At this point, I have a CUDA-enabled program, but I don’t have it integrated into a Visual C++ project. It actually takes a bit of work to do that. To start, I brought up the Visual C++ 2005 Express Edition IDE and clicked on the New Project button (you can also use File→New→Project… from the menu). In the New Project window, I selected Win32 as the project type and Win32 Console Application as the template. I gave the project the creative name of example1 and set its location to the C:\llpanorama\CUDA\examples directory. After clicking OK in the New Project window, and then clicking Finish in the Win32 Application Wizard window, a window opened with a simple code skeleton. I replaced the code skeleton with the code shown above.

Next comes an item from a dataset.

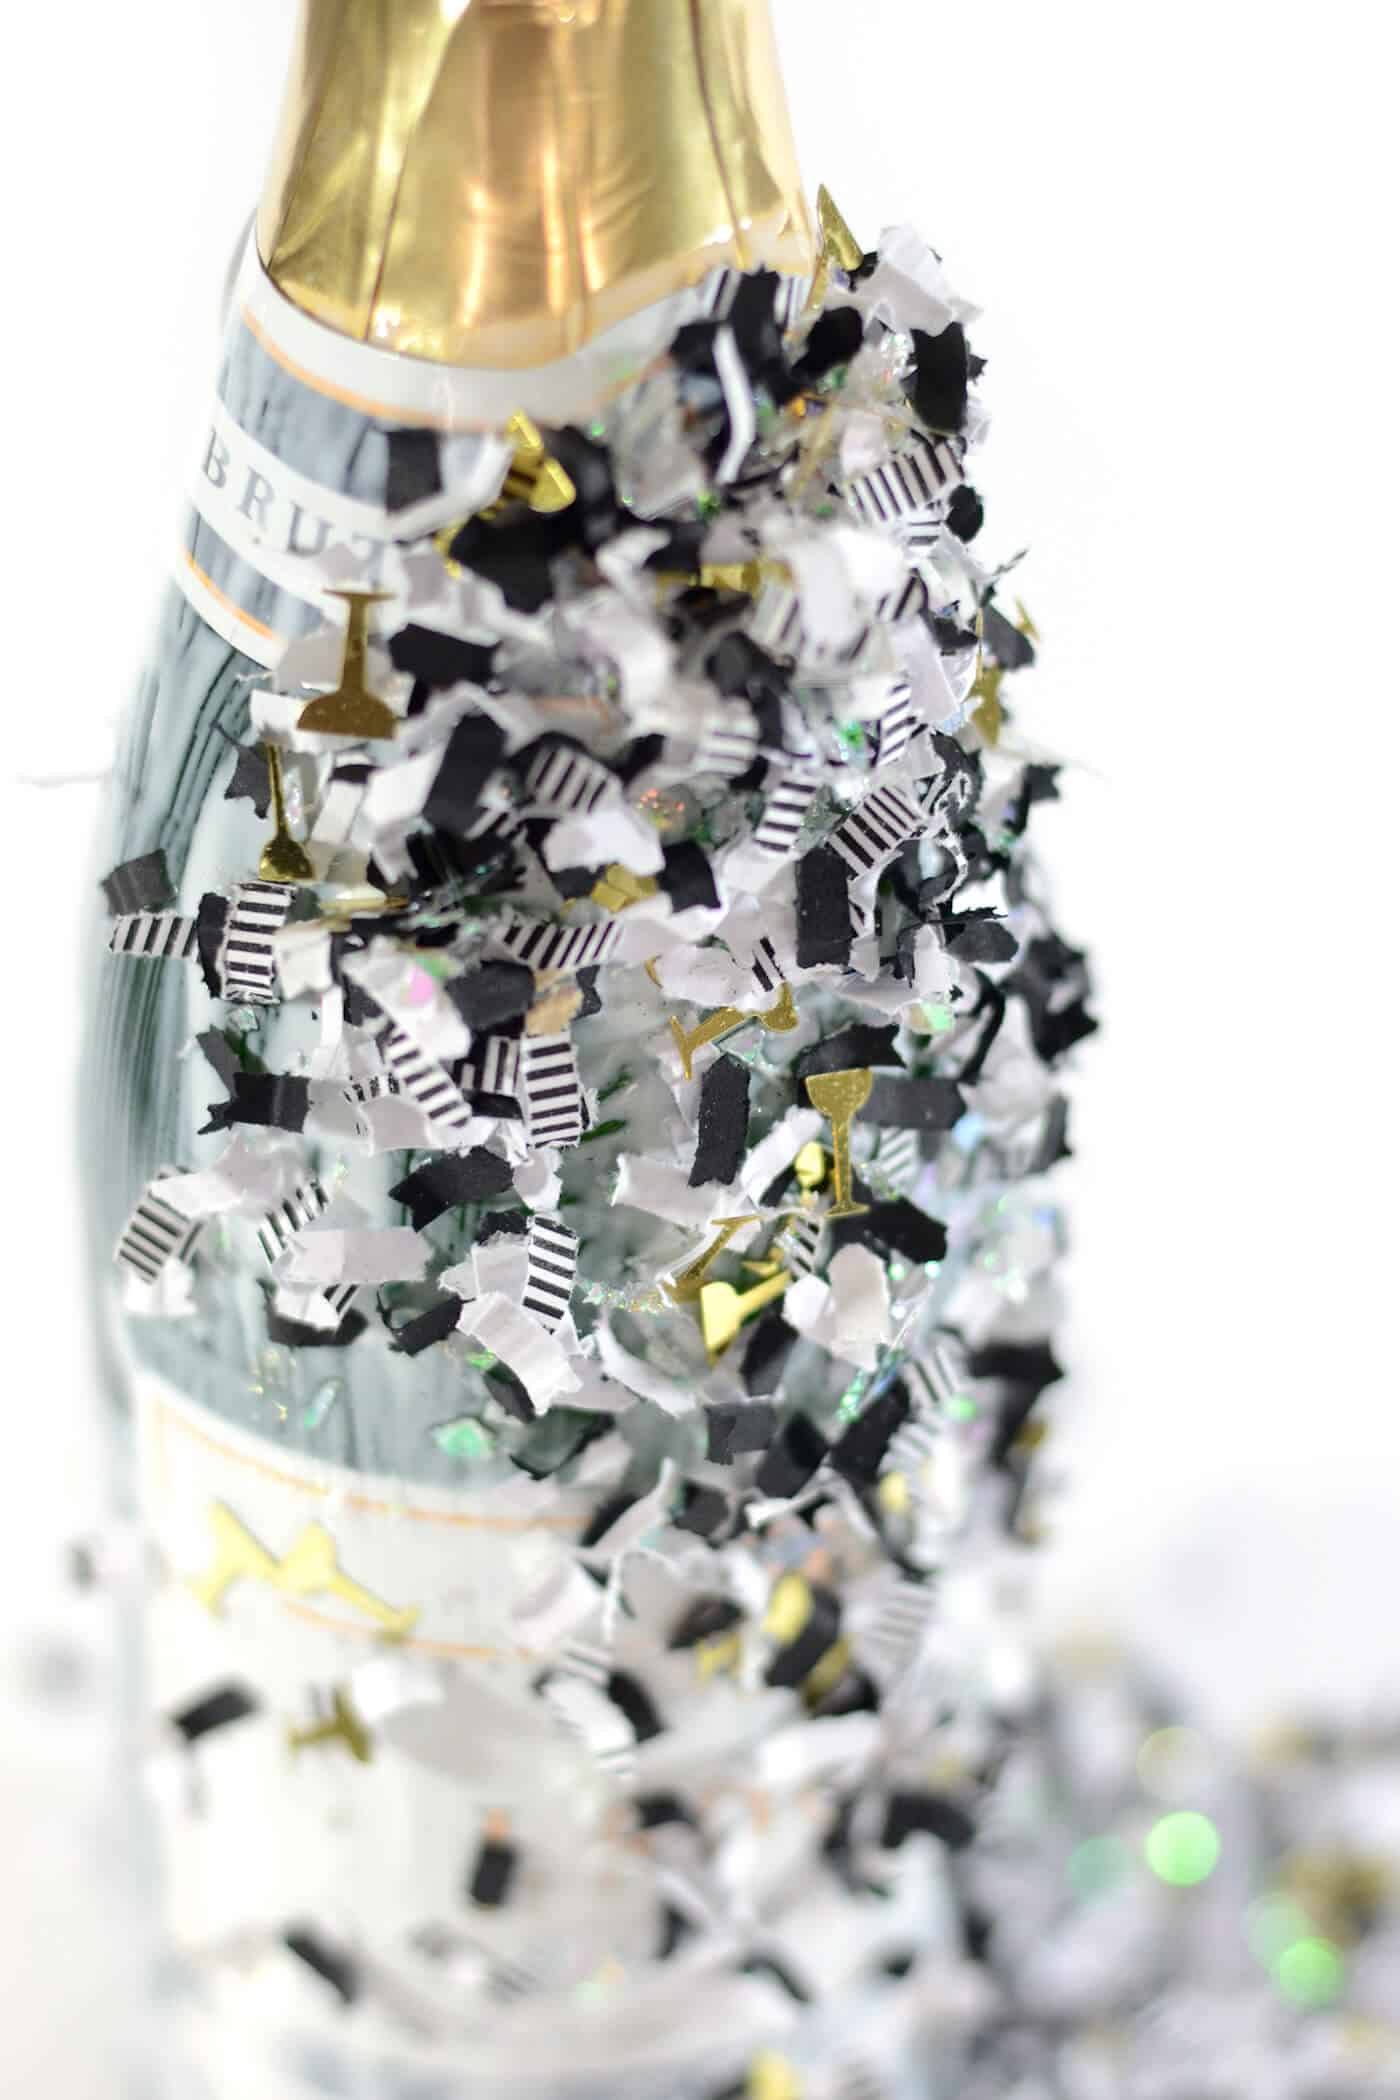 Close up of black, white and striped confetti for New Year's Eve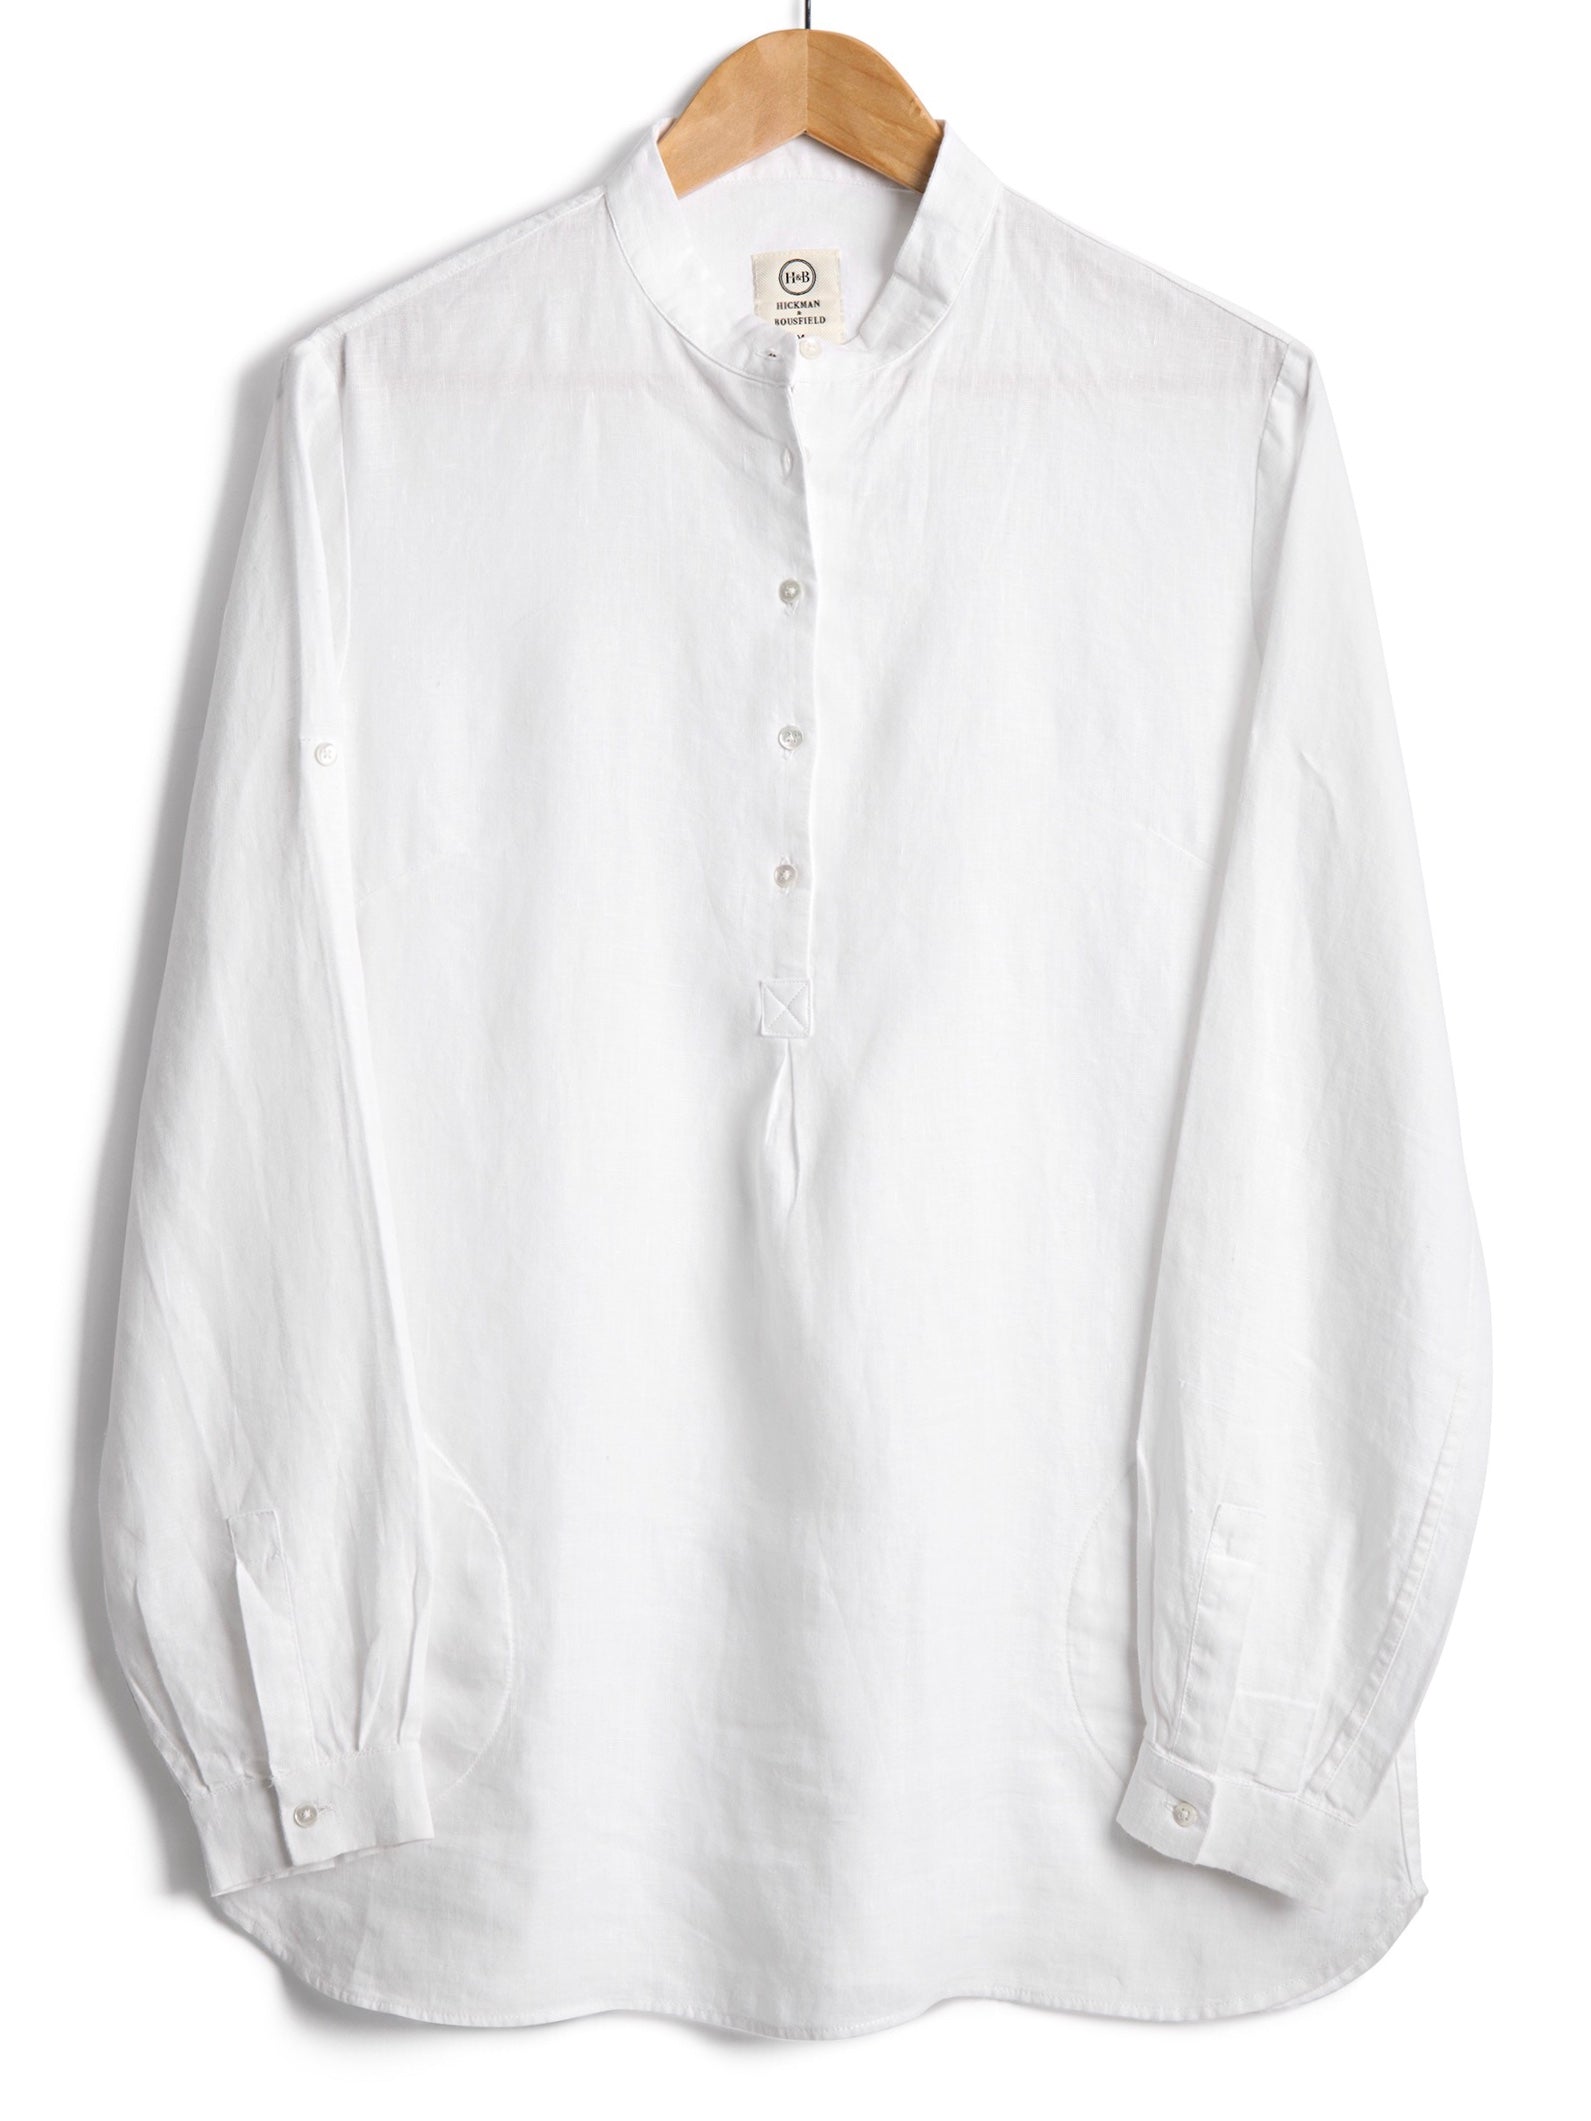 NEW TUNIC IN WHITE LINEN, Shirt, Hickman & Bousfield - Hickman & Bousfield, Safari and Travel Clothing

After saving the code, I right-clicked the example1.cpp file, selected Rename from the drop-down menu and renamed the file to example1.cu. Files with the .cu extension are intended to be processed by nvcc. nvcc will extract the kernel portion of example1.cu and compile it for execution on the CUDA device while using the Visual C++ compiler to compile the remainder of the file for execution on the host.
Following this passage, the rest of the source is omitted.